Monday, October 29, 2012

Distracti … Wait! What! Squirrels!!!

Technology. Oh, what a double edged sword you are.
One of its biggest gifts to me personally was the grammar/spell checker. It’s been a time saver for me. It helped me find my obvious mistakes faster, leaving more time for the tricky ones. I don’t have to tell anyone who can reed this blog that functionality never improved anyone’s grammar, spelling or writing discipline. Heck, I bet there are still a couple of mistakes in this paragraph alone.

The real slicer for me has been the endless distraction of the Internet. I can take a quick “break” from writing that turns into hours of surfing. More insidious, I’ll start honest-to-God research for my story, blink, and I’m playing a web browser zombie game. … where I’m the zombie.

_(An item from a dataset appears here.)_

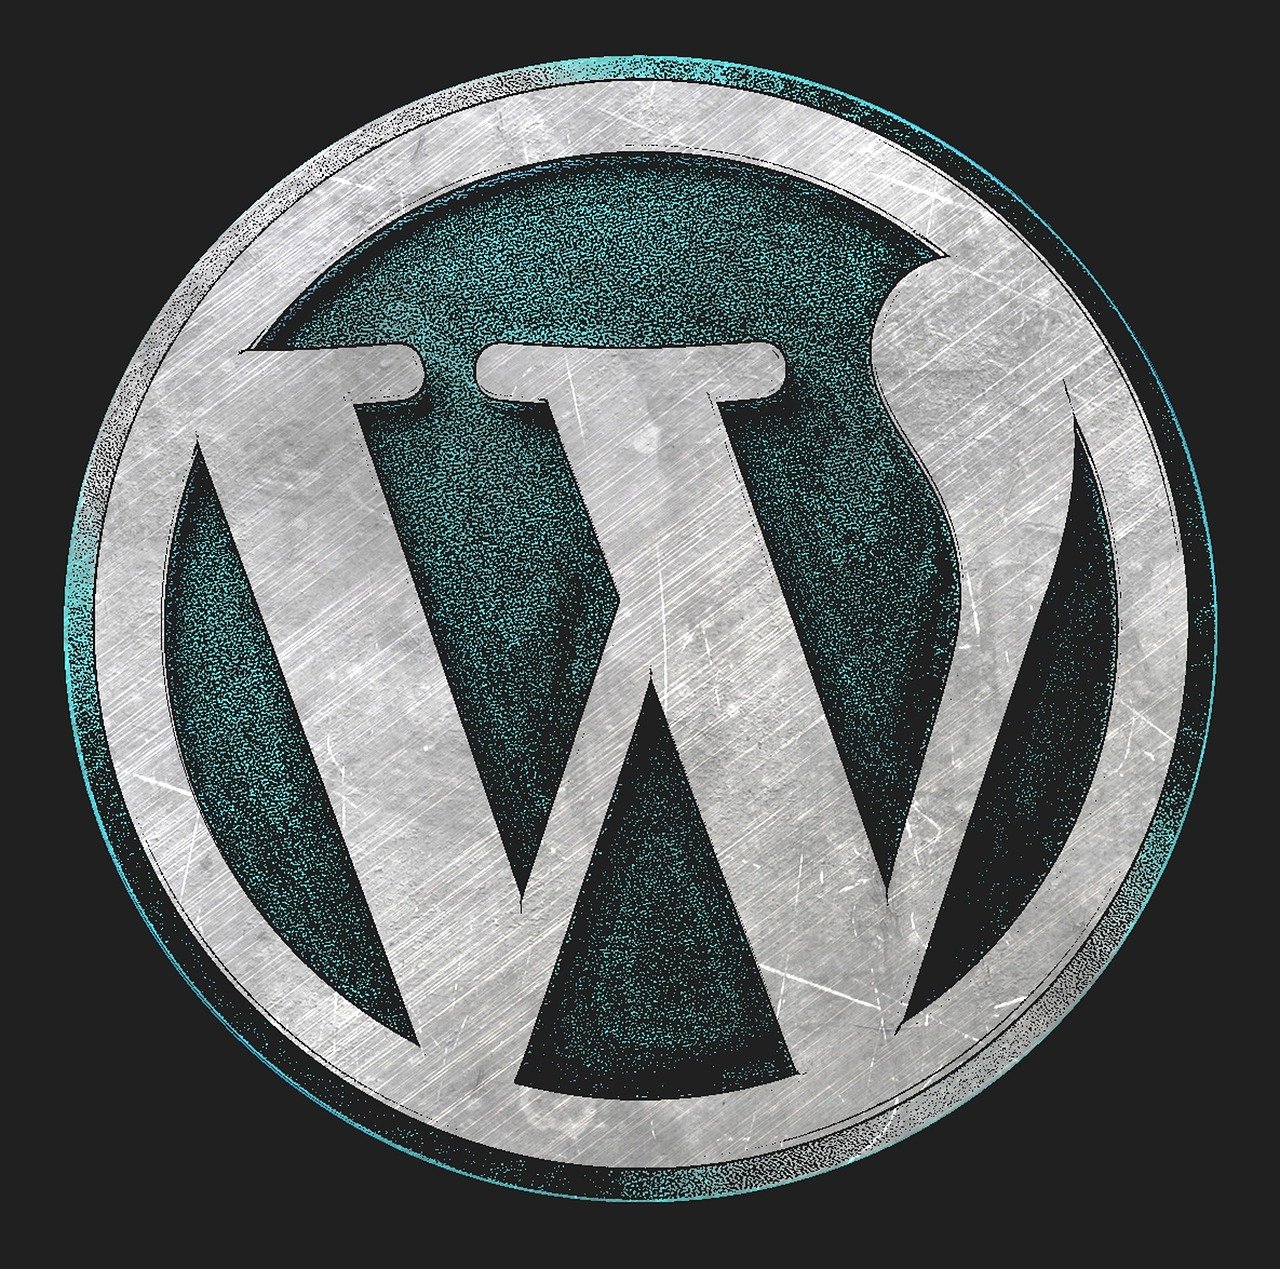 WordPress-Papierkorb via wp-config konfigurieren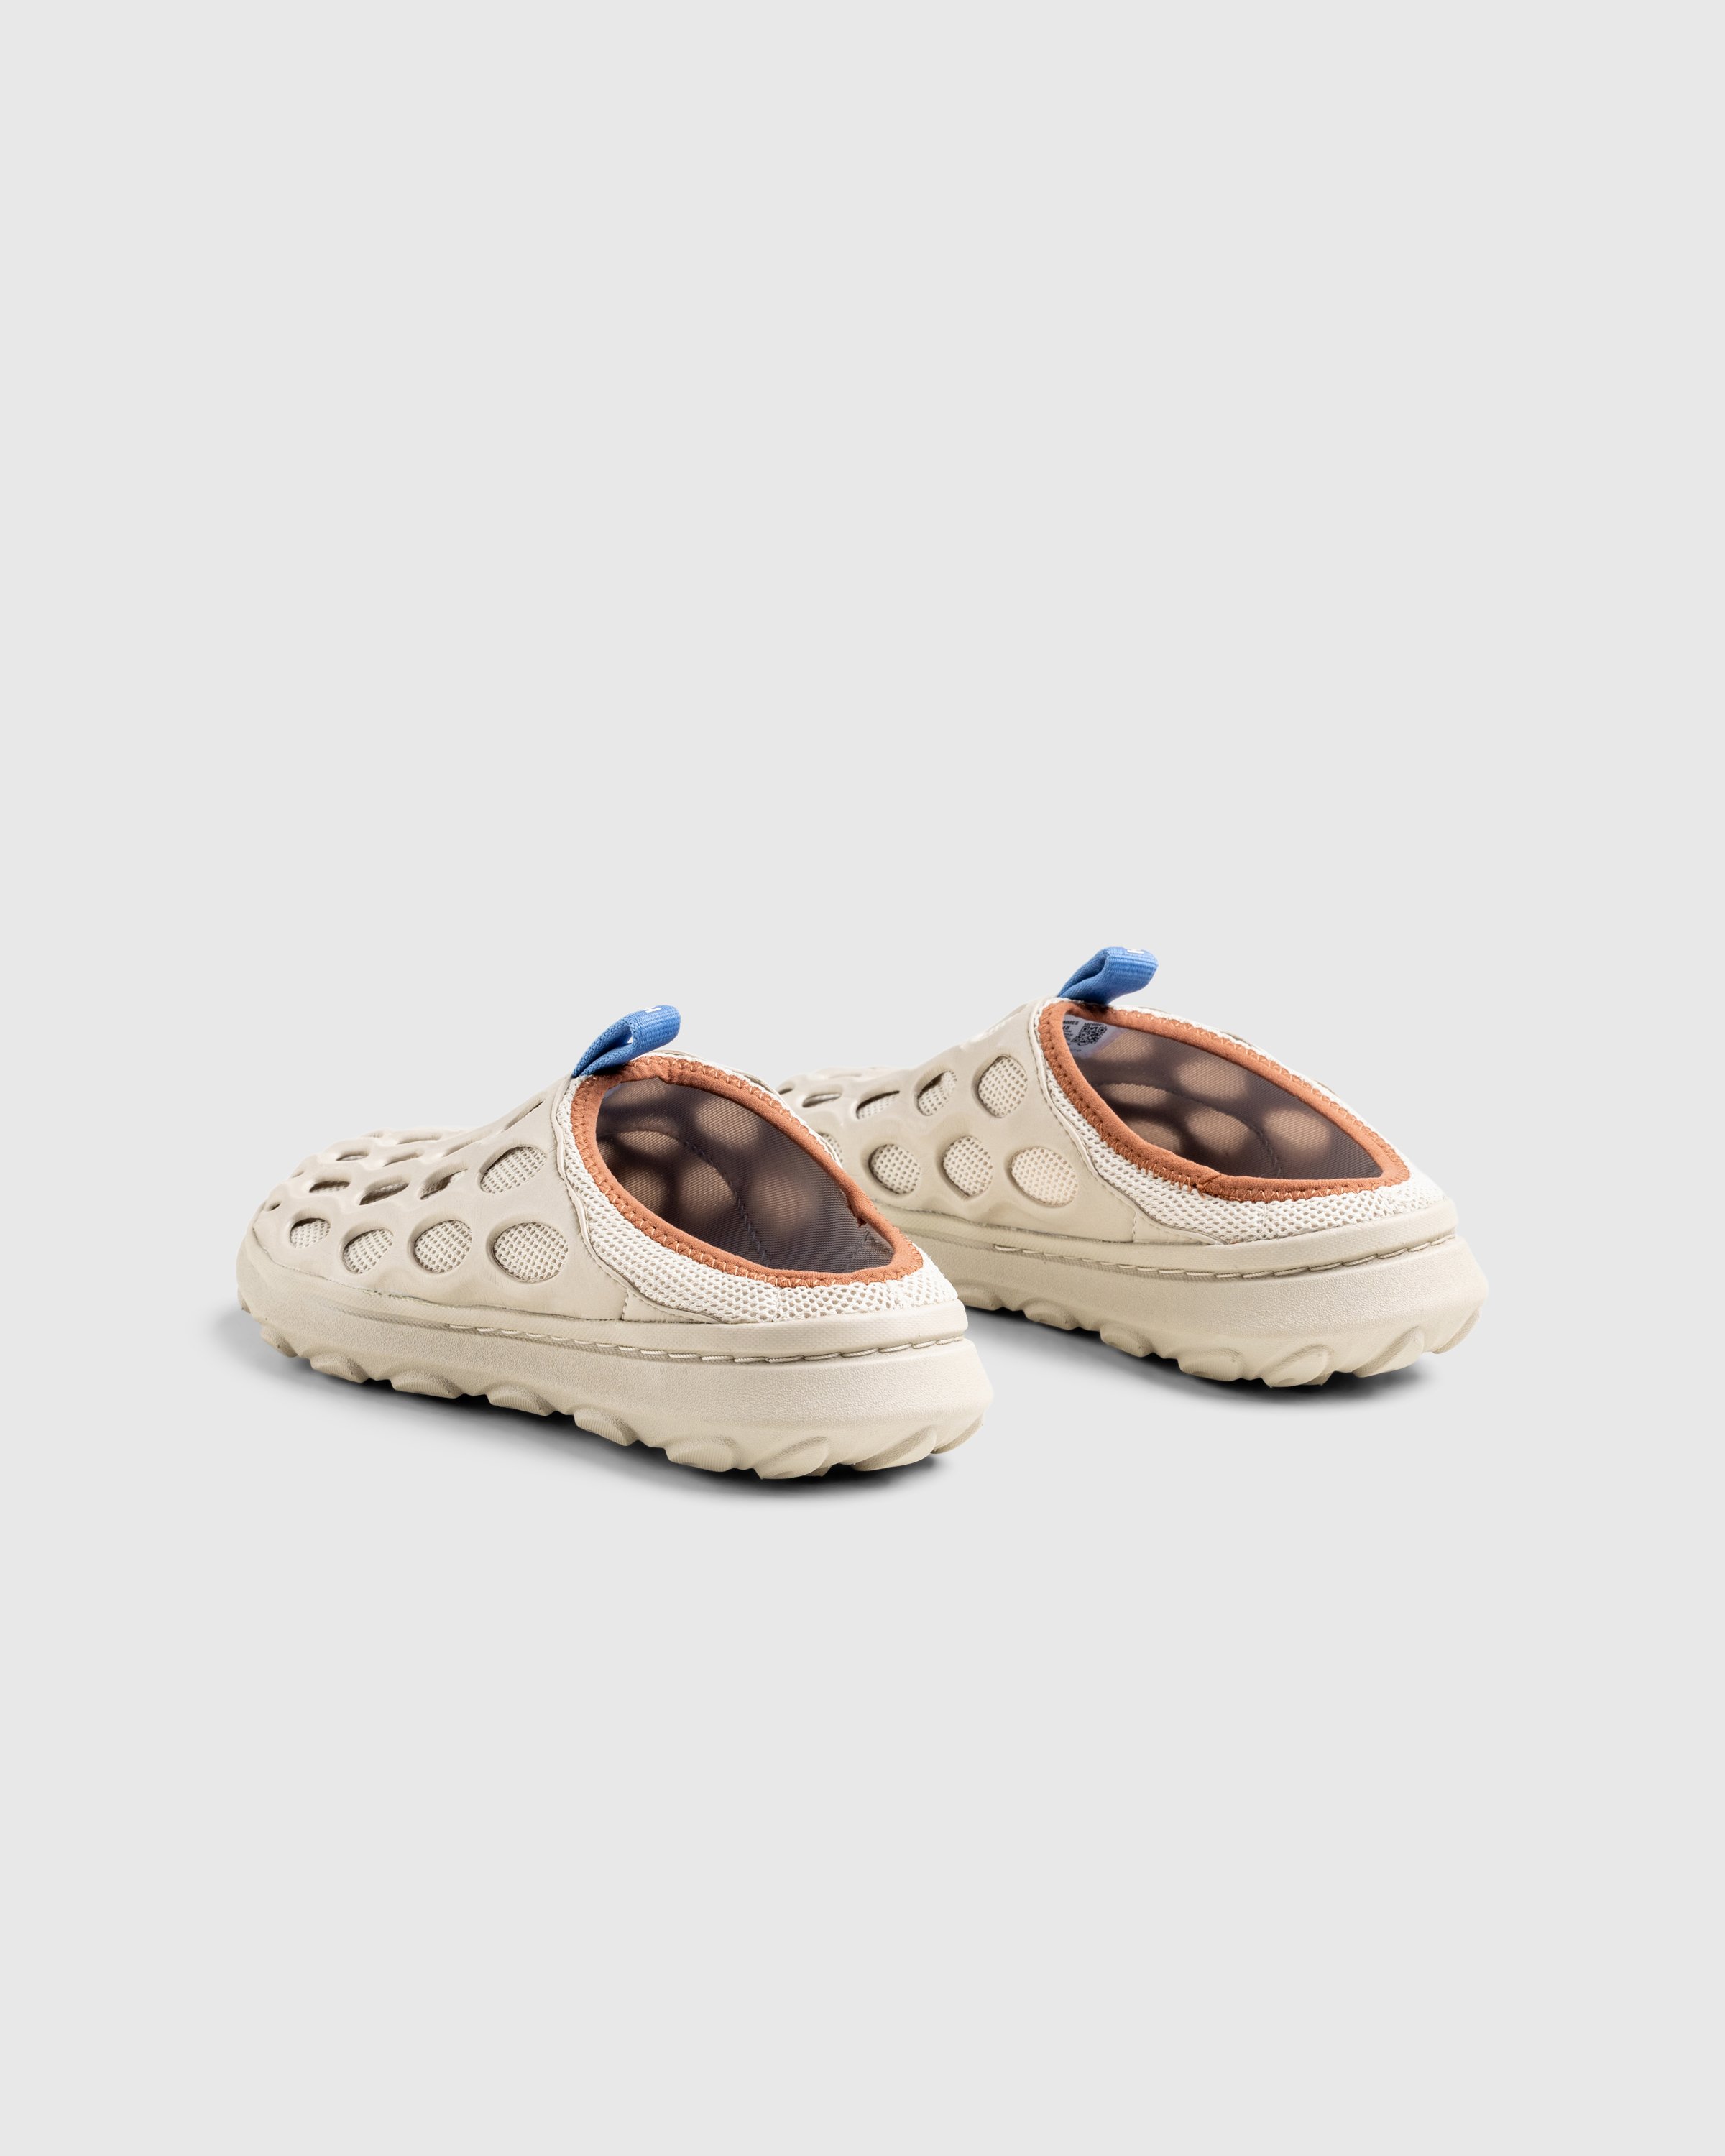 Merrell x Highsnobiety - Womens Hydro Mule Peyote - Footwear - Beige - Image 4

“The hardest step is always the first,” is what skydivers say. 
First I had to admit that I had a problem at first. Like most addicts, I shifted blame to something else. Back then, I blamed work. Since I spent ninety percent of my work week on a computer every day, it must have been blocking my writing chi by the time I got home.

That never stopped me from gaming, writing long posts on forums and the like, but somehow it blocked up the “real” reason that I spent money on a computer in the first place.

I finally found a workaround. 
I wrote long hand. For a while it was fun. I would pick up a journal with a certain look and feel to get me in the mood for a story.  I still have the wonderful, rough moleskin that’s earmarked for my supernatural Western.  That was a good first step, that evolved in my learning that I could literally write anywhere if I put my passion and heart into a project. Eventually, any composition or notebook would work for me. I just need a place for the first draft to flow without red squiggly lines or a backspace key to tempt me.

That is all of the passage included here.